Ultimately the jury accepted the defence’s first argument, that by possessing a weapon and moving toward a police officer with it, Yatim could reasonably be interpreted as an imminent threat and that lethal force was justified. In relation to Count 2, the jury found that Forcillo could not have reasonably believed that Yatim comprised a second imminent threat, and that lethal force was not justified. In his interpretation of sentence, Justice Then outlined the factors of the case that he believed were consistent with the jury’s verdict. In a perhaps ironic twist, Justice Then determined that due to the congruence between Forcillo’s testimony about Yatim rearming himself and what is perceived on the video, as well as the detail in his testimony about the expression on Yatim’s face, Forcillo had indicated that he had paid too much attention to Yatim’s movements to have honestly and reasonably perceived Yatim to raise his body to a 45° angle (2016: 7, para 22). Justice Then goes on to state that while there was no way to prove that Forcillo was lying, his account of Yatim’s bodily movements was inconsistent; Forcillo’s accurate-according-to-what-is-seen-on-the-video testimony of Yatim rearming himself, and his specific testimony about Yatim’s facial expression, precluded the honest and reasonable perception of Yatim raising his body to comprise a second imminent threat. Therefore, Forcillo acted only in response to Yatim rearming himself, meaning Yatim was only a potential threat and lethal force was excluded (2016: 7, para 23).

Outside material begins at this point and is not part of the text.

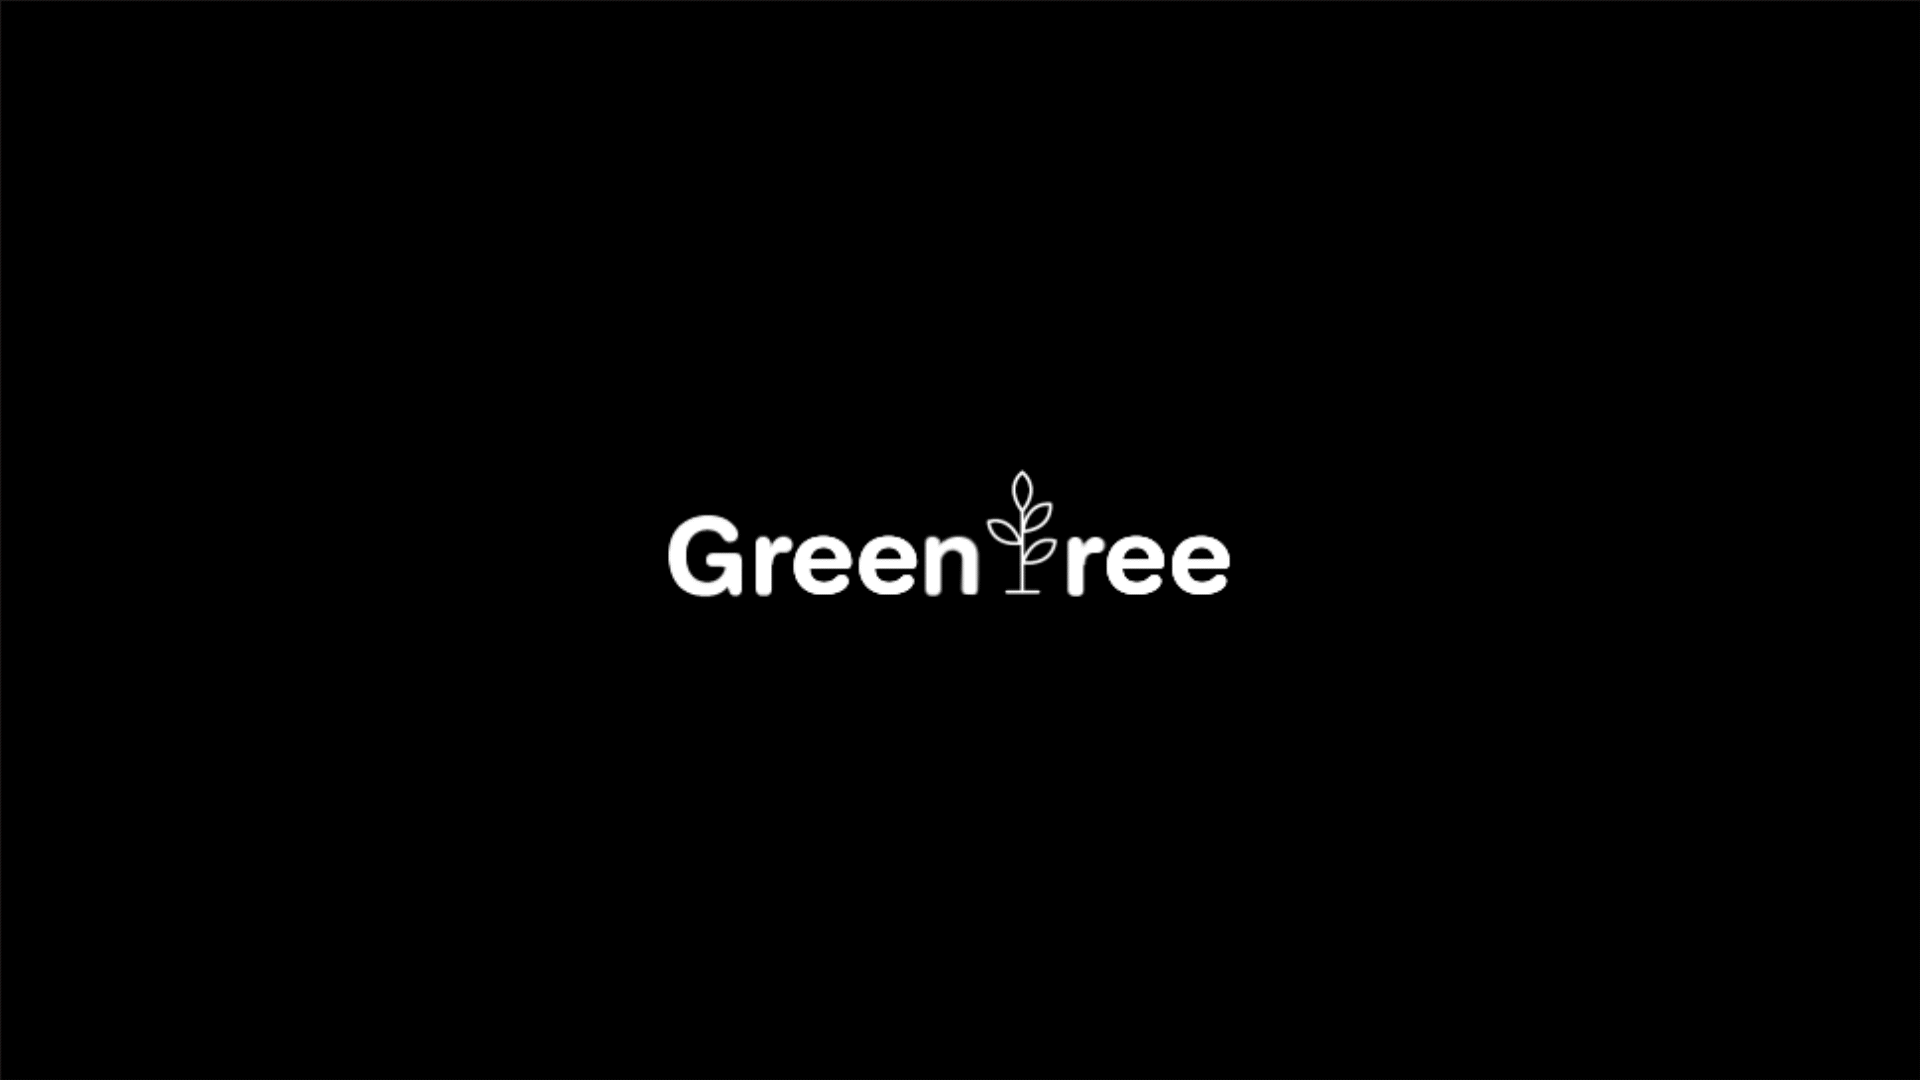 Green Tree Logo Animation🌴 2d logo animation animated logo animation branding css animation custom logo animation graphic design green tree logo animation🌴 illustration logo animateds logo animation logo intro outro youtube logo intro

Here we find some of the problems with video evidence discussed earlier coming to the fore: it makes aspects of the interaction salient for post hoc assessment, but it does not recover the incident in itself as experienced by those experiencing it (Mieszkowski 2012; Mair et al. 2013). When the criteria by which we decide if an action is reasonable or not is the subjective perception of fear or threat experienced by an individual participating in that action, we cannot count on video to provide a definitive account of that experience; fear does not show up on video in a verifiable way. Instead, video is used as a method to check the reliability of testimony about the nature of the subjective experience of fear. As this cannot be accomplished with video alone, it becomes necessary to look elsewhere to establish what the video shows and ends up acquiring sense in light of what is otherwise known about such incidents. A useful way of approaching this problem is by considering the documentary method of interpretation (Mannheim 1936; Garfinkel 1967; see also Bohnsack 2009, 2013) and its use by prosecutors and defenders served with video evidence.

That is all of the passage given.